Perilaku individu, termasuk perilaku belajar, merupakan totalitas penghayatan dan aktivitas yang lahir sebagai hasil akhir saling pengaruh antara berbagai gejala, seperti perhatian, pengamatan, ingatan, pikiran dan motif.
2.1.   Perhatian
Tentulah dapat diterima bahwa subjek didik yang memberikan perhatian intensif dalam belajar akan memetik hasil yang lebih baik. Perhatian intensif ditandai oleh besarnya kesadaran yang menyertai aktivitas belajar. Perhatian intensif subjek didik ini dapat dieksloatasi sedemikian rupa melalui strategi pembelajaran tertentu, seperti menyediakan material pembelajaran yang sesuai dengan kebutuhan subjek didik, menyajikan material pembelajaran dengan teknik-teknik yang bervariasi dan kreatif, seperti bermain peran (role playing), debat dan sebagainya.

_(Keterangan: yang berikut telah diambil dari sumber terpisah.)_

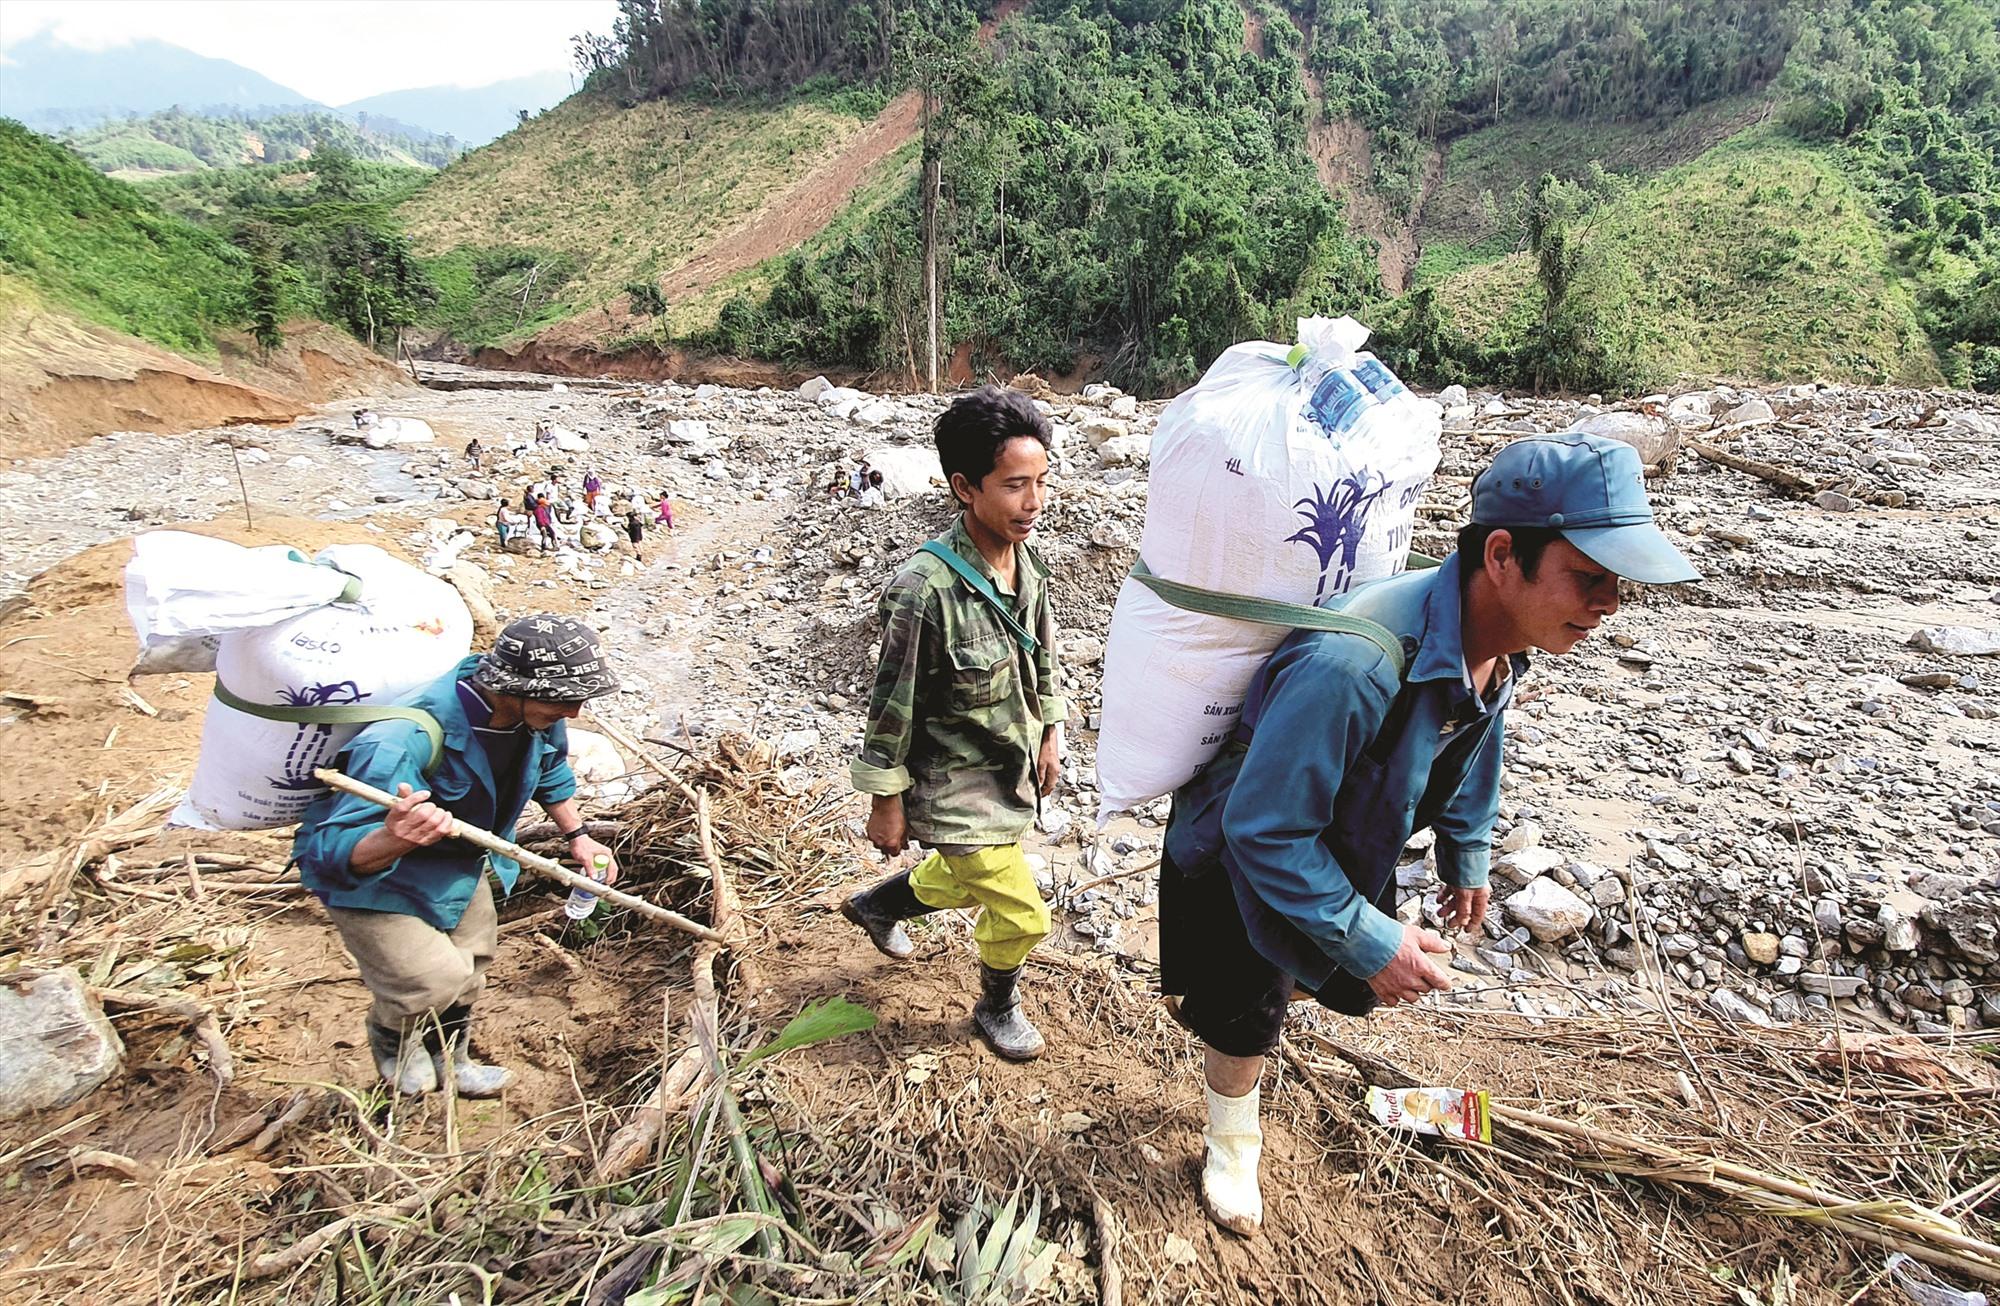 Gùi cõng lương thực, thực phẩm tiếp tế bà con vùng cô lập do sạt lở, lũ quét sau bão số 9 ở Phước Sơn. Ảnh: HUỲNH CHÍN

Strategi pemebelajaran seperti ini juga dapat memancing perhatian yang spontan dari subjek didik. Perhatian yang spontan dimaksudkan adalah perhatian yang tidak disengaja, alamiah, yang muncul dari dorongan-dorongan instingtif untuk mengetahui sesuatu, seperti kecendrungan untuk mengetahui apa yang terjadi di sebalik keributan di samping rumah, dan lain-lain. Beberapa hasil penelitian psikologi menunjukkan bahwa perhatian spontan cendrung menghasilkan ingatan yang lebih lama dan intensif dari pada perhatian yang disengaja.
2.2.  Pengamatan
Pengamatan adalah cara pengenalan dunia oleh subjek didik melalui penglihatan, pendengaran, perabaan, pembauan dan pengecapan. Pengamatan merupakan gerbang bai masuknya pengaruh dari luar ke dalam individu subjek didik, dan karena itu pengamatan penting artinya bagi pembelajaran.
Untuk kepentingan pengaturan proses pembelajaran, para pendidik perlu memahami keseluruhan modalitas pengamatan tersebut, dan menetapkan secara analitis manakah di antara unsur-unsur modalitas pengamatan itu yang paling dominan peranannya dalam proses belajar. Kalangan psikologi tampaknya menyepakati bahwa unsur lainnya dalam proses belajar. Dengan kata lain, perolehan informasi pengetahuan oleh subjek didik lebih banyak dilakukan melalui penglihatan dan pendengaran.
Jika demikian, para pendidik perlu mempertimbangkan penampilan alat-alat peraga di dalam penyajian material pembelajaran yang dapat merangsang optimalisasi daya penglihatan dan pendengaran subjek didik. Alat peraga yang dapat digunakan, umpamanya ; bagan, chart, rekaman, slide dan sebagainya.
2.3.  Ingatan
Secara teoritis, ada 3 aspek yang berkaitan dengan berfungsinya ingatan, yakni (1) menerima  kesan, (2) menyimpan kesan, dan (3) memproduksi kesan. Mungkin karena fungsi-fungsi inilah, istilah “ingatan” selalu didefinisikan sebagai kecakapan untuk menerima, menyimpan dan mereproduksi kesan.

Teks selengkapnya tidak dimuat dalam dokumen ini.